Call for NHS to ban painful and dubious IVF ‘scratch’
THOUSANDS of women are being charged for invasive IVF “scratch” procedures that fail to improve pregnancy chances, experts have warned.
A major international study concluded that endometrial scratch, one of the most popular “add-on” fertility treatments, should be abandoned to prevent unnecessary pain. The procedure involves lacerating a section of the uterus lining prior to IVF in a bid to make implanted embryos more secure. The £350 treatment is routinely offered by private clinics, including to patients referred by the NHS, and can cause discomfort and bleeding.
Now a study of 1,300 women in five countries, including Britain, has established that success rates are virtually identical in women who opt for endometrial scratch and those who do not.

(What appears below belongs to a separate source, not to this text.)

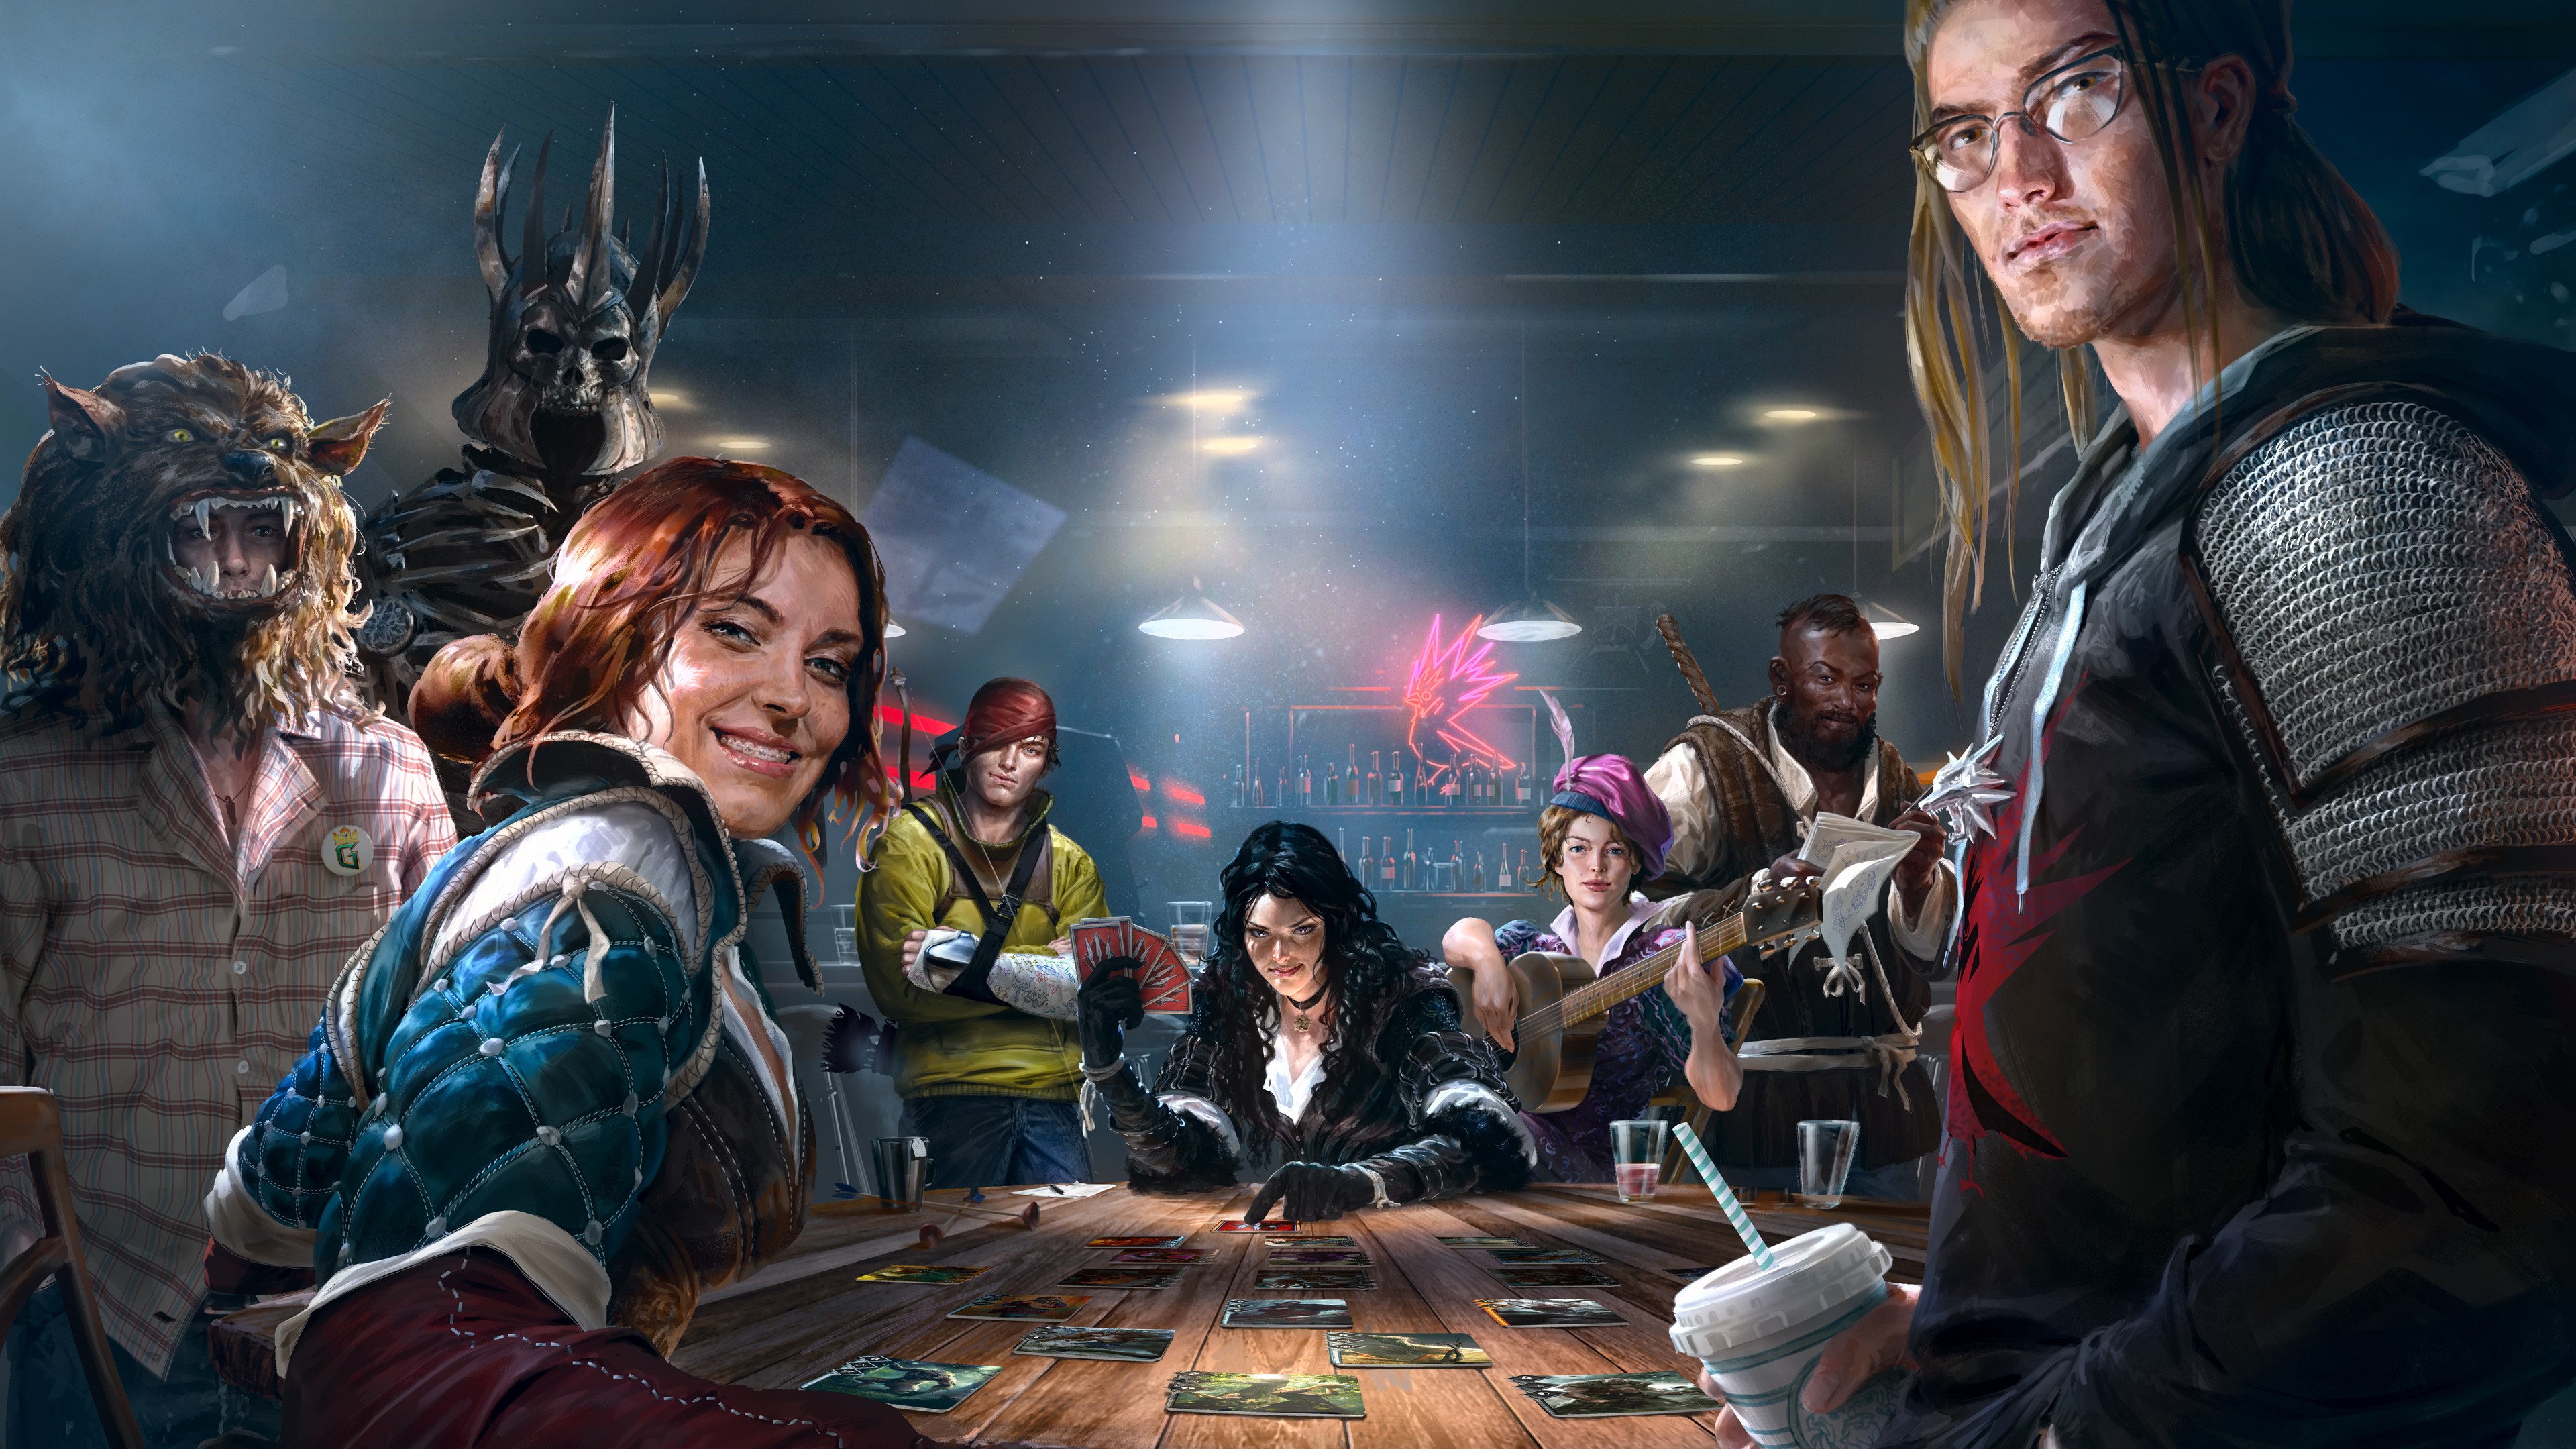 The Witcher, Trading Card Games, Gwent, The Witcher 3: Wild Hunt Wallpaper
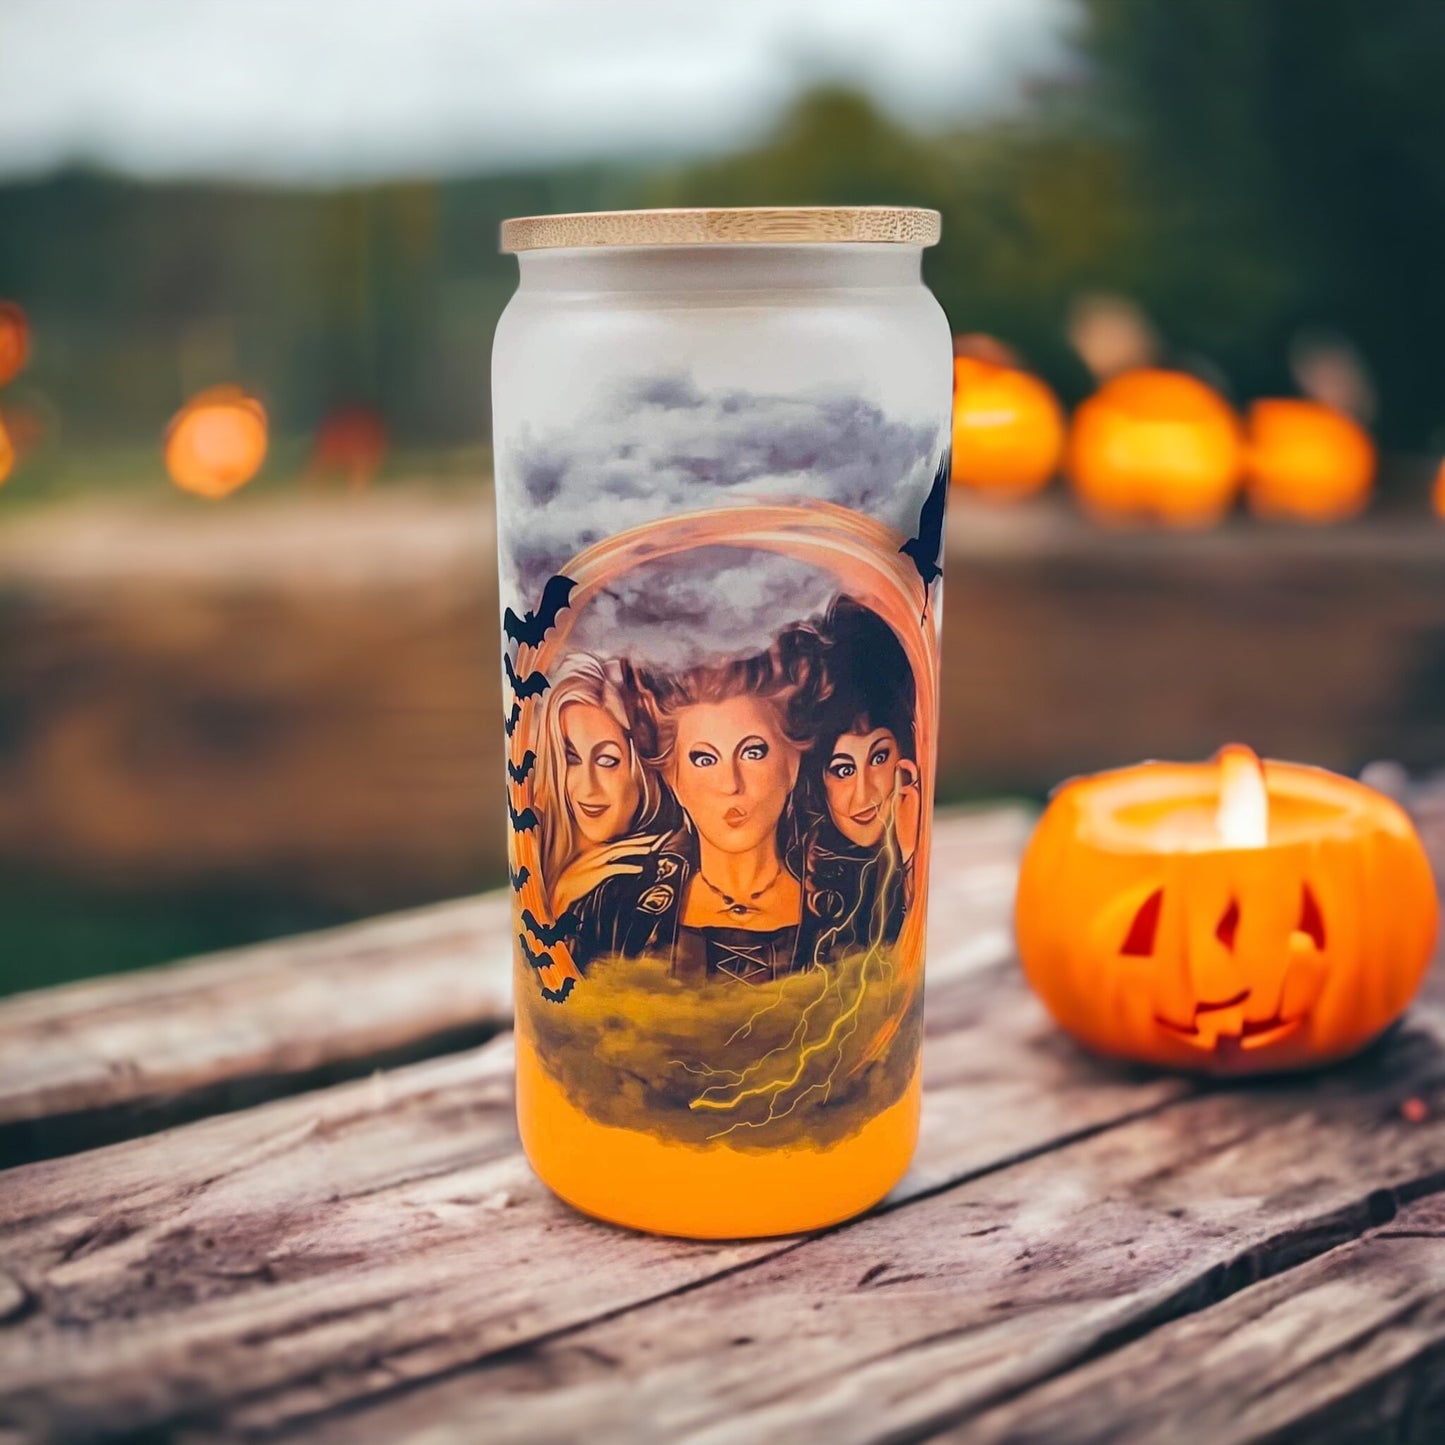 Hocus pocus frosted glass cup

Fertility experts said last night that the scratch was one of a number of dubious add-ons marketed to “vulnerable” would-be parents. They called for a ban on private clinics offering it to women who are referred for IVF by the NHS. Researchers at the University of Auckland performed the trial at 13 fertility centres across New Zealand, the UK, Belgium, Sweden and Australia. The clinical pregnancy rate in the endometrial scratch group was 31.4 per cent, compared with 31.2 per cent in the control group, while live birth rates were 26.1 per cent in both groups.
Previous smaller trials had indicated an advantage to the treatment, particularly for women who had multiple failed rounds of IVF.
At the European Society of Human Reproduction and Embryology annual meeting in Barcelona, Dr Sarah Lensen, who led the research, said: “Our results contradict those of many studies published previously. I think clinics should now reconsider offering endometrial scratch as an adjuvant treatment.”